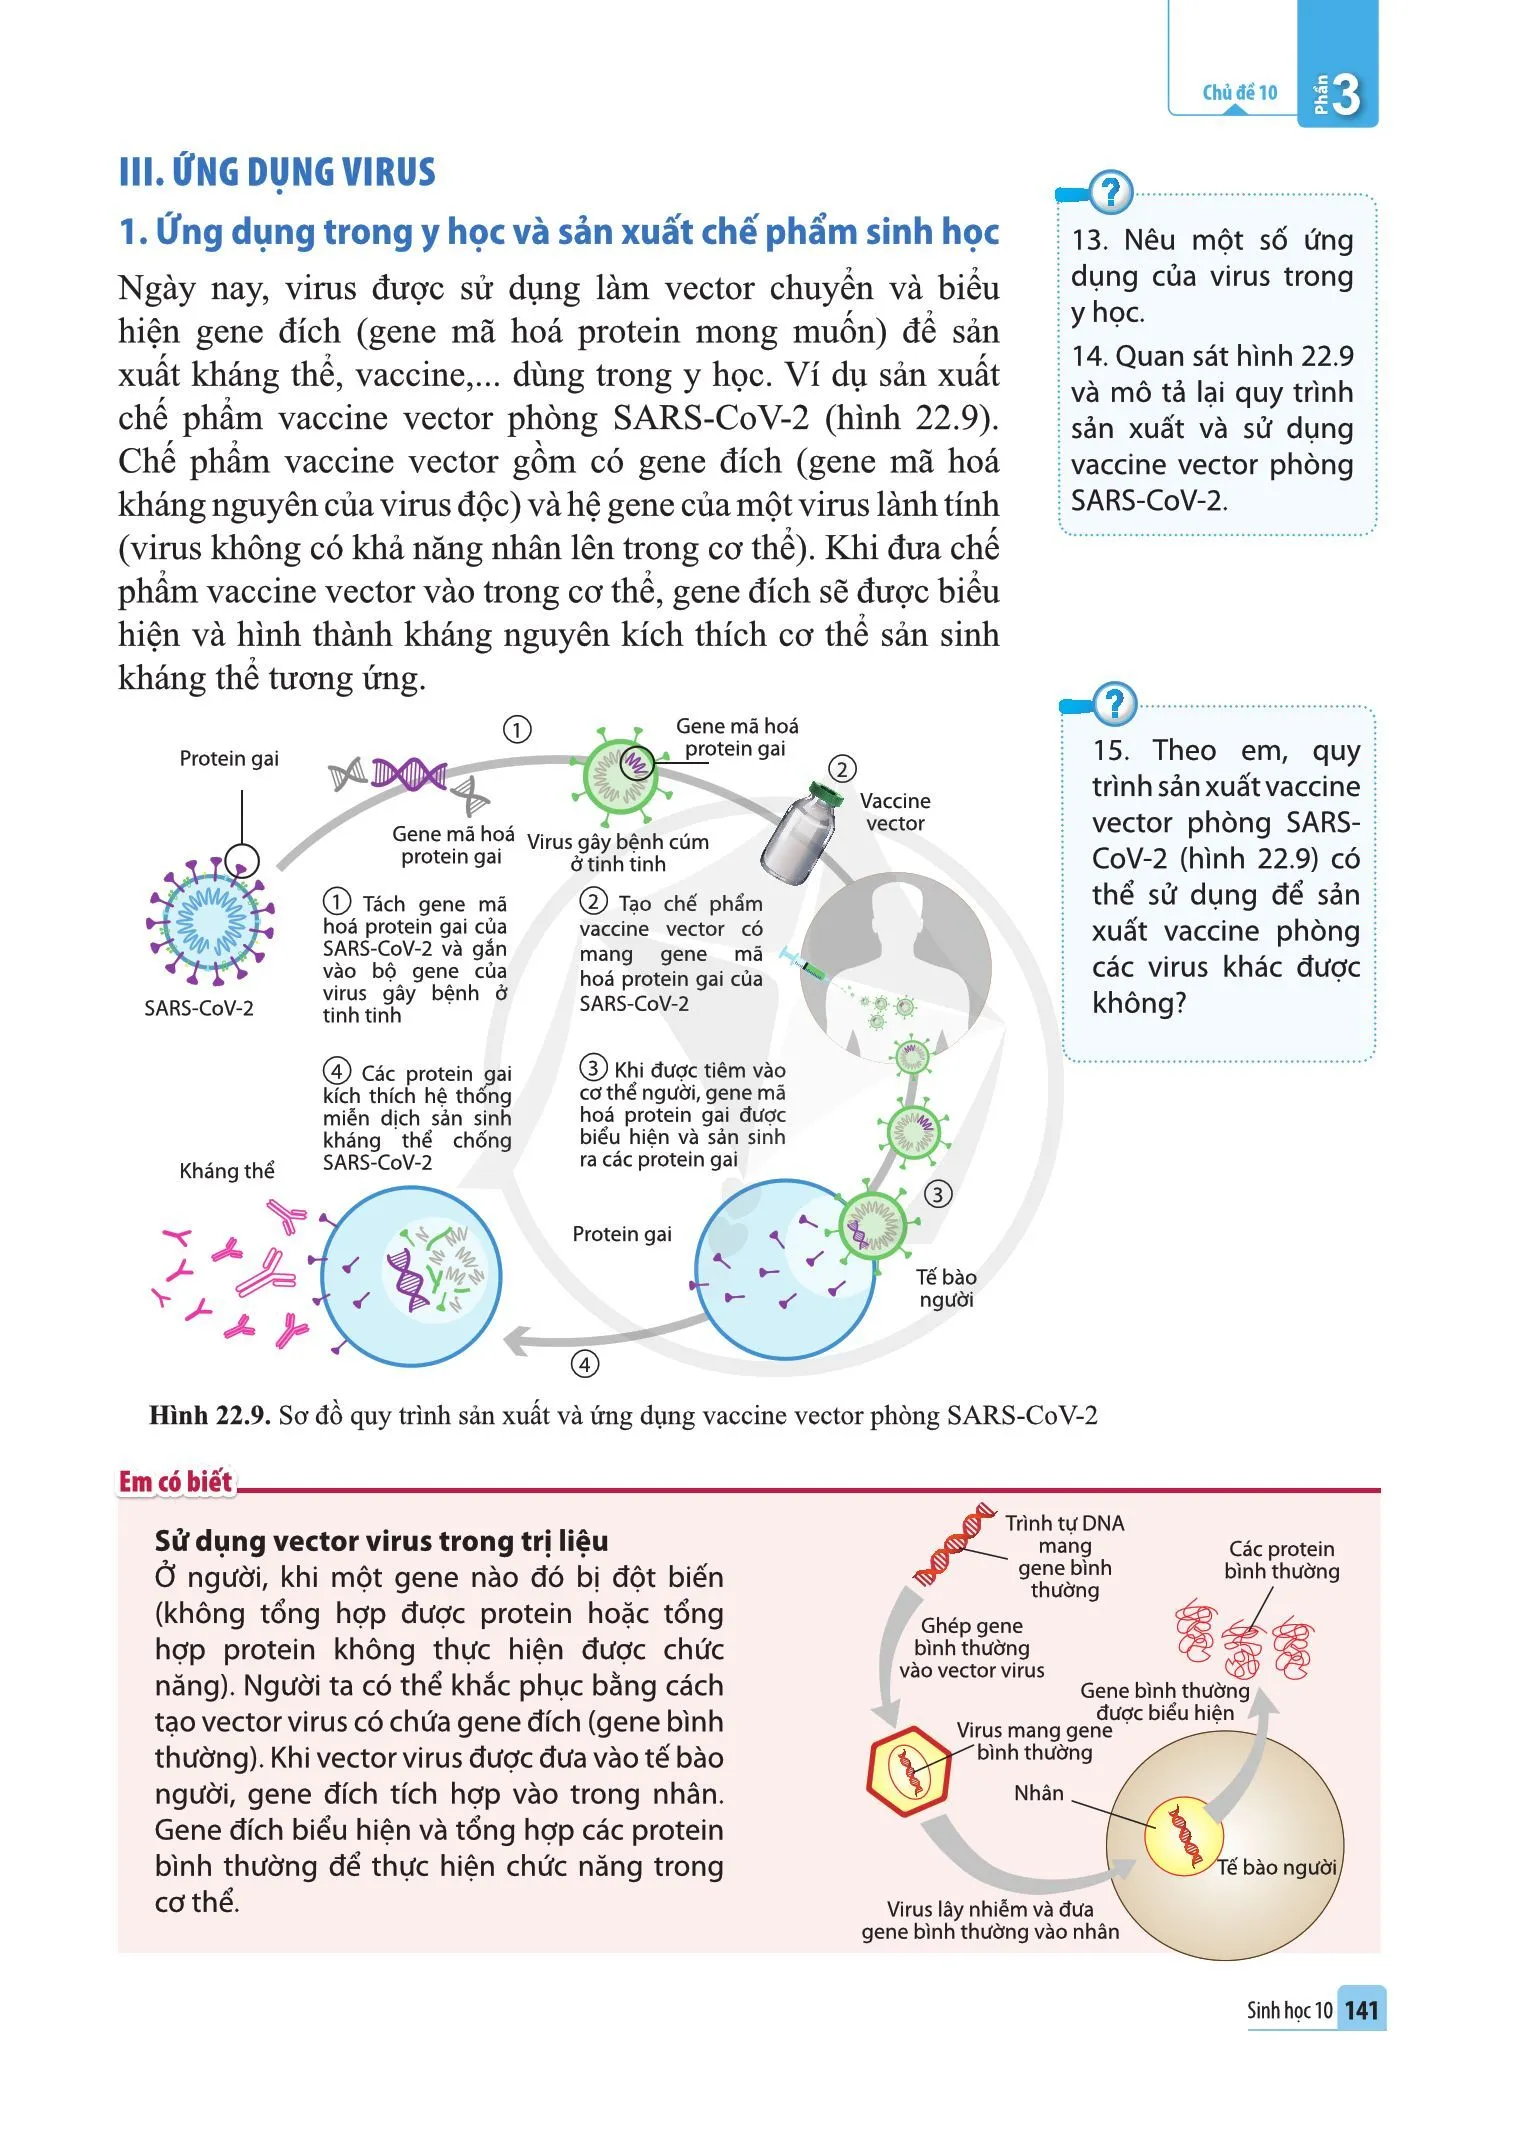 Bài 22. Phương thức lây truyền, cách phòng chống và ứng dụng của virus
————
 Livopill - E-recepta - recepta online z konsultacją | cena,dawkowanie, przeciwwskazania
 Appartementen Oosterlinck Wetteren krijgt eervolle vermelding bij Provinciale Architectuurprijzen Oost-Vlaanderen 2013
————
**Problem:** The answer is the run of lines above from the line containing "Livopill - E-recepta" through the line containing "Appartementen Oosterlinck Wetteren", copied exactly and alone.

**Output:**
 Livopill - E-recepta - recepta online z konsultacją | cena,dawkowanie, przeciwwskazania
 Appartementen Oosterlinck Wetteren krijgt eervolle vermelding bij Provinciale Architectuurprijzen Oost-Vlaanderen 2013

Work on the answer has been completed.